Follow ups: [0:10-0:30]

  • GPU-enabled tests (Michael, Andrew, Sean)

    • Michael: Put in a ticket with lf-releng to set up AWS-based GPU enabled build agent, will start running GPU test runs once that is done.

    • Sean committed to helping with AWS resources

    • Andrew said LF releng working on dynamic provisioning for build resources

    • Michael: initially target a single Linux build to run GPU tests. There is interest on exploring on Mac and Windows, for instance OCIO has DirectX renderer, and when OpenGL fully goes away on macOS will need a Metal renderer.

    • Doug: differences in OpenGL implementations between platforms will only show up when you run tests on multiple platforms.

    • MacStadium: would we need to provision a bare metal instance? Wave: could help with that. Would need some kind of test matrix on Windows / Linux to see what would be required on the Apple side. Michael: can provide current OCIO platform matrix.

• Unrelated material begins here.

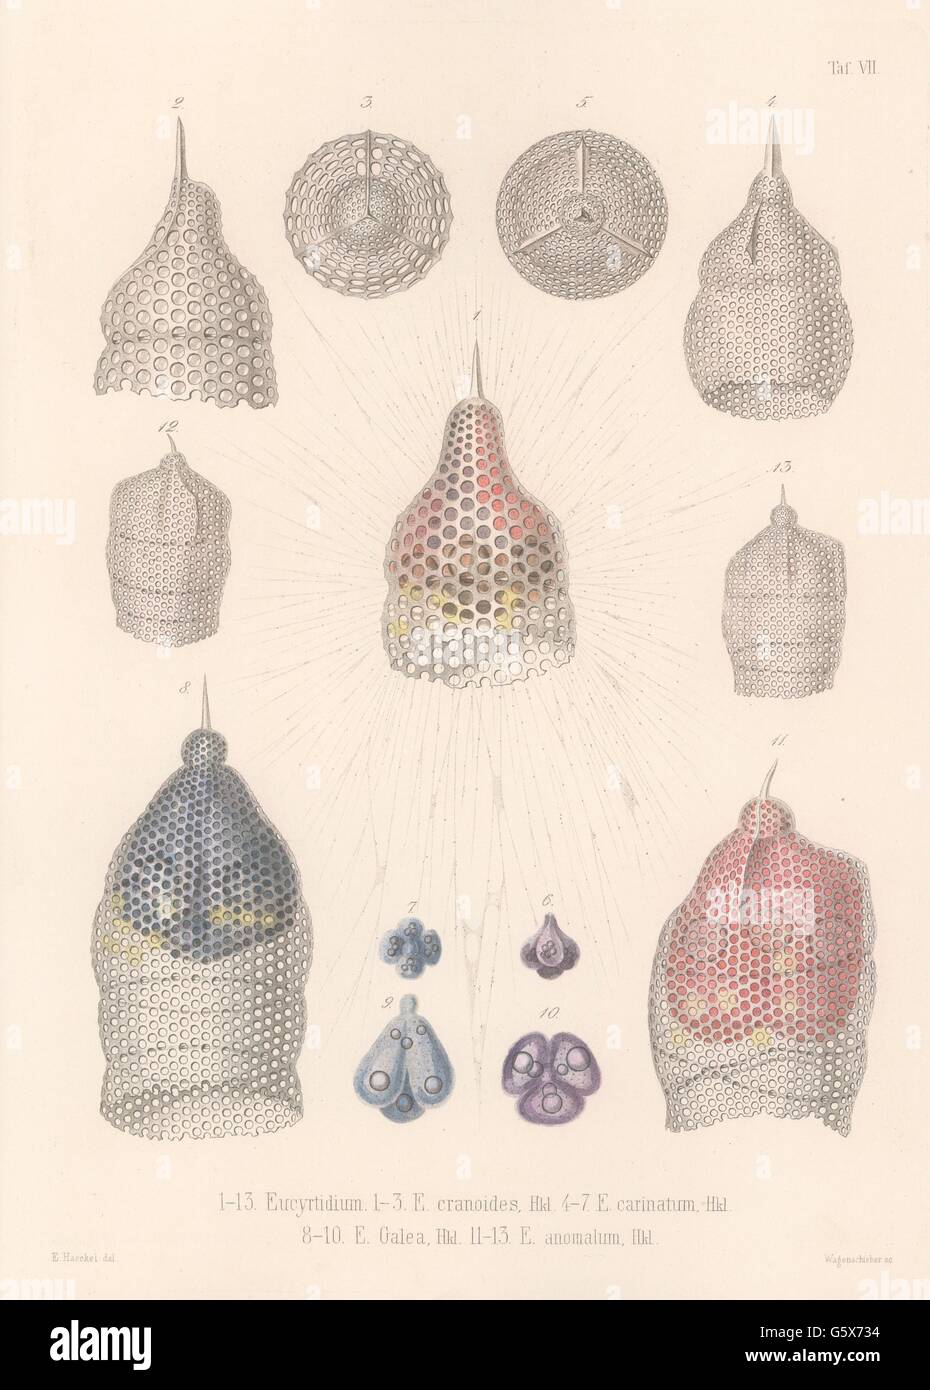 zoology / animals, radiolarian (Radiolaria), 1-3 Eucrytidium cranoides, 4-7 Eucrytidium carinatum, 8-10 Eucrytidium galea, 11-13 Eucrytidium anomalum, colour lithograph, out of: Ernst Haeckel, 'Die Radiolarien (Rhizopeda radiata)', Band 2, Berlin, 1862, Additional-Rights-Clearences-Not Available Stock Photo

    • Azure, AWS and GCP offer Windows GPU-enabled instances, but of course they are not free.

    • Don’t think that WIndows containers support GPU acceleration

  • ASWF Docker images (Aloys)

    • Azure Pipelines performance & caching

    • Windows containers are very slow! https://github.com/jfpanisset/windows-container-test

      • Dave: could put us in touch with Azure DevOps team to discuss performance
    • macOS Docker doesn’t support macOS containers as far as we know

    • Aloys: working on Qt build for a few weeks within Docker image, found that builds were running over 6h limit of free Azure Pipelines account. So restructuring to split building the packages from building the images. So one step to build boost, Python, Qt, create Azure artefacts, then another build that uses the artefacts to create a Docker container. So don’t have to “rebuild the world” when adding to the Docker images.

      • https://github.com/aloysbaillet/aswf-docker/tree/split-packages-from-image-builds
    • Limitations on what Azure Pipelines package management supports for public pipelines / repos.

    • Could build Qt locally and push to Azure packagement management for instance.

    • Still working on this

    • Working on using Azure caching to save build time

    • Should be no visible changes to the actual Docker images, but will improve and optimize the build process.

    • Should be able to advertise the work within a week to the TAC mailing list.

    • Daniel: Qt is probably the most complicated dependency, and is typically an optional dependency. Will be a good accomplishment to get that resolved.

    • Daniel: goal is to make something that is stable and relatively easy to maintain. May need to resource additional build resources (more CPU cores / RAM for instance for builders). Would get build / test results faster. (OpenVDB already asked for that). Dan: yes faster builds are useful, for now relying on multiple builds in parallel.

    • Aloys: Azure caching and ccache are both useful, but slightly tricky to get working together.

    • Aloys: Docker caching for image buildimage alt text

    • Dan: Travis CI has a great ccache implementation Works best when there’s native support in the CI system

    • Daniel: this is also relevant for project builds. Dave: could help to put in touch with Azure DevOps team to provide expertise. Perhaps could have someone from this team be more directly engaged with ASWF projects.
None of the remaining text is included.